January 26, 2024
Things I Learned in 2023
by Tom Linfield, Vice President of Community Impact
Each year MCF staff review hundreds of grant proposals. Apart from funding some wonderful projects and investing in the work of great nonprofits, we learn a huge amount from the expertise of the applying organizations. Here are a few things that raised my eyebrows as I read through many, many grant proposals.
- Only two of Madison Metropolitan School District’s 12 middle schools offer a theater program. Overture Center for the Arts is working on a project to increase this number, seeding new, sustainable musical theater programs at schools across the city.
- Similarly, less than 1% of public-school students in Wisconsin participate in a dance curriculum and less than 4% have any exposure to theater. Madison Ballet is increasing its outreach, teaching and performance with young people to help address this gap.
- Community Centers today are offering wrap-around services for all ages. The new Bayview Community Center will double the number of children and teens participating in academic support, recreation, wellness and employment programs. It also will increase adult participation in wealth building, parent programs and language literacy; provide frontline mental health and wellness programming and resources for all ages; offer regular play-and-learn programming for children ages birth to five; create a dedicated, properly equipped food pantry; and double older adult participation in daily opportunities for connection, self-expression, fitness and healthy meals.
- Libraries also offer far more diverse services than just checking out books. In the City of Sun Prairie, which has grown by 80% since 1999, the Sun Prairie Public Library is expanding to meet this need. Currently serving 180,000 visitors each year, the library anticipates the new building will increase users by 20%. The new facility also will provide room to expand programming for all ages, offer an artist-in-residence program, teach cooking classes, begin a lending library of specialized equipment and tools, and build a makerspace that includes audio and video recording studio spaces.
- Since their founding six years ago, Bikes for Kids Wisconsin (formerly Free Bikes 4 Kidz) has given away 10,000 refurbished bicycles. These bikes provide a great recreation opportunity, but also serve as transportation for many people. This year, Bikes for Kids is purchasing a dedicated vehicle for collection, allowing them to pick up 150 bikes at a time from a wide geographic area.
- Of the 400 students involved in Wisconsin Youth Symphony Orchestra (WYSO) programs, 137 of the families speak a language other than English in their homes. WYSO students speak 32 languages. (Can you even name 32 languages?!) WYSO has built an extraordinary, 40,000 square foot building to house its own 30+ music groups and provide rehearsal space for a wide variety of diverse users.
- According to the Trevor Project’s Youth Mental Health Survey, one in three LGBTQ+ young people said their mental health was poor “most of the time or always,” due to anti-LGBTQ+ policies and legislation. GSAFE is expanding its organizational capacity to serve Madison’s LGBTQ+ youth, train educators, and advance education and social justice in the schools.
- One in five students in Wisconsin have experience sexual assault or coercion, and 61% of them say it has happened more than once.1 The Rape Crisis Center is hiring an Education Specialist to double its reach to middle and high school students enrolled in MMSD and Dane County schools, providing education on consent, rape culture, media literacy and healthy relationships.
- In December 2023, the median listing home price in Madison was $419.900, trending up 9.8% year-over-year. These prices have tripled since 1991. Madison Area Community Land Trust is building multi-generational, affordable housing at almost half this price, helping low-to-moderate income families enter the housing market.

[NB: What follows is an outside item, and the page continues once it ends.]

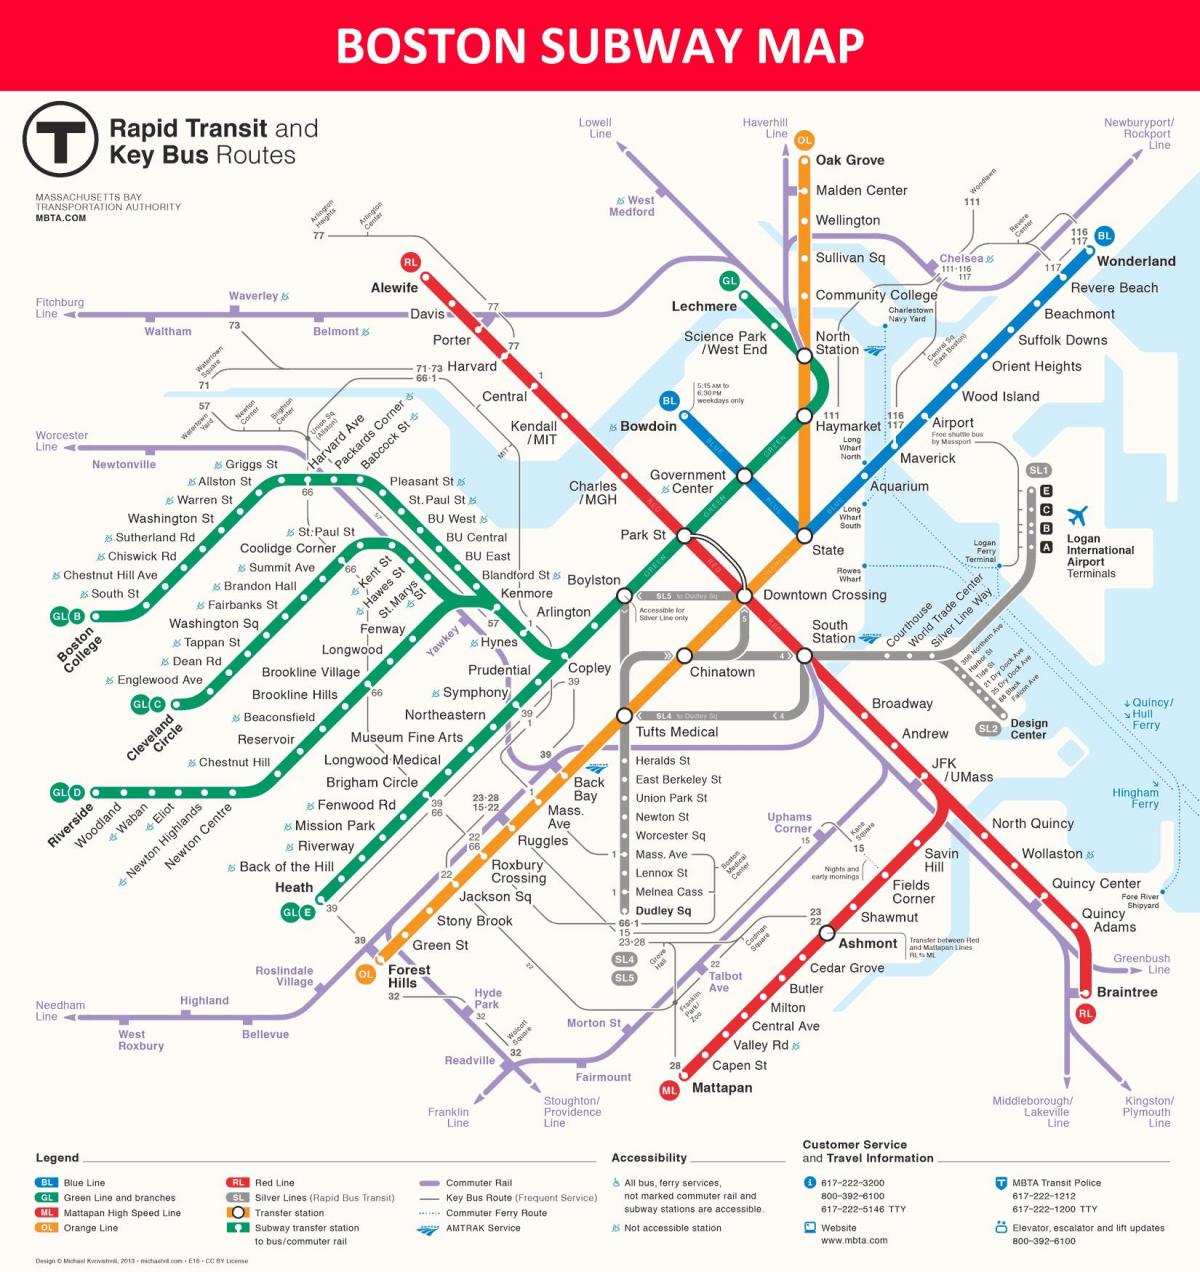 ボストンの地下鉄駅の地図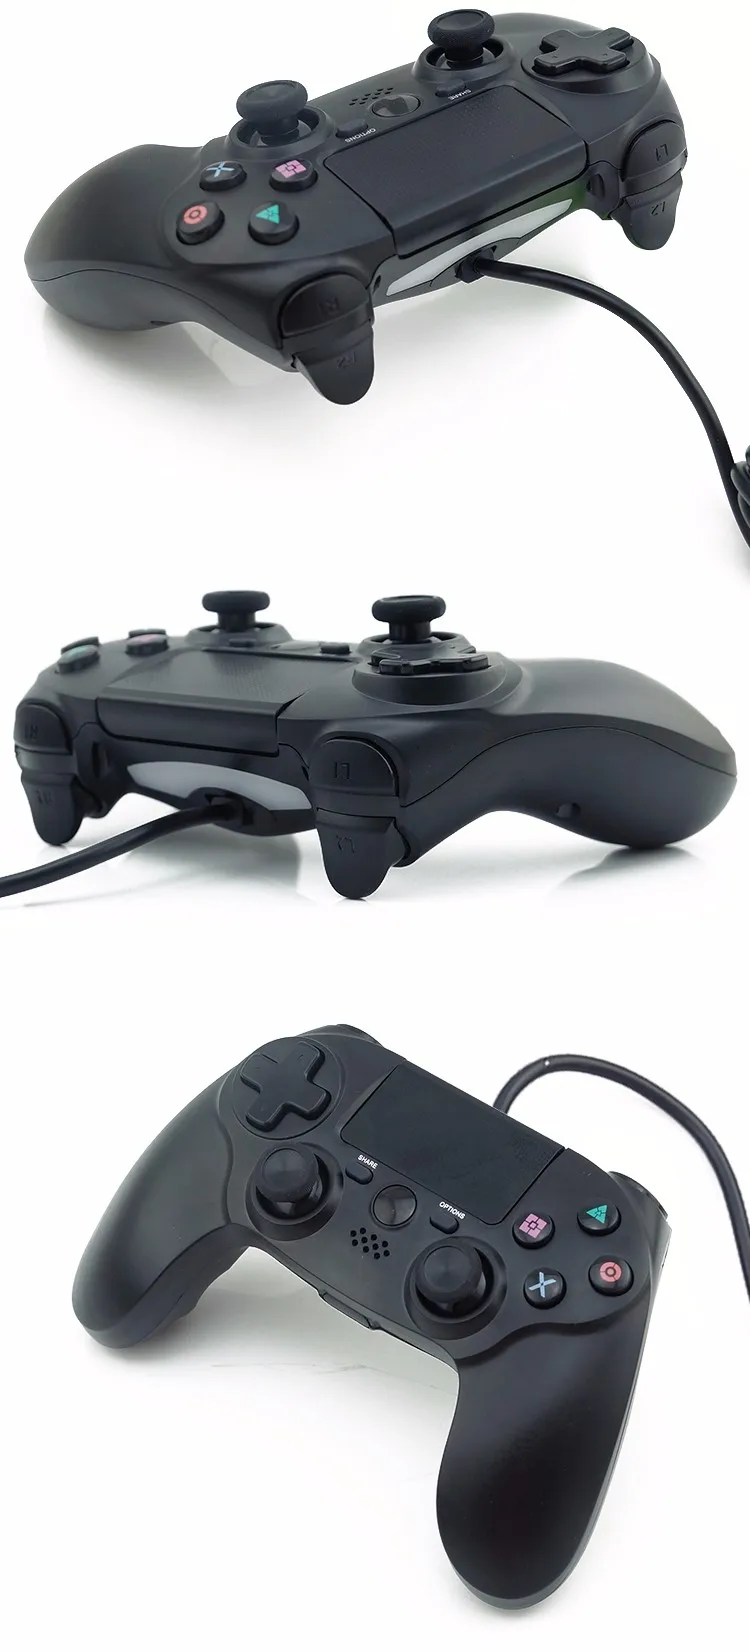 Для Playstation 4 PS4 проводной игровой контроллер двойная вибрация 6 Axies геймпады для PS4 PC MAC игровой джойстик USB джойстики кабель 10 футов

- Only 39 of Dane County’s 9,755 employers2 are Black-owned businesses. That’s less than half a percent. And working-age white people are seven times more likely to own companies than their African American counterparts. These same patterns are true when it comes to access to capital and other culturally relevant small business development services. The Urban League of Greater Madison’s Black Business Hub, opening this year on Park Street, will address those disparities. The Hub is a four-story, 76,000 square foot, state-of-the-art enterprise center led by Black business owners and entrepreneurs, devoted to incubating and accelerating Black- and BIPOC-owned businesses.
Learn more about these programs and about the other organizations that received Community Impact grants in 2023.
1 According to Wisconsin Department of Public Instruction’s 2019 Youth Risk Behavior Survey.
2 According to American Community Survey data of businesses with more than one employee.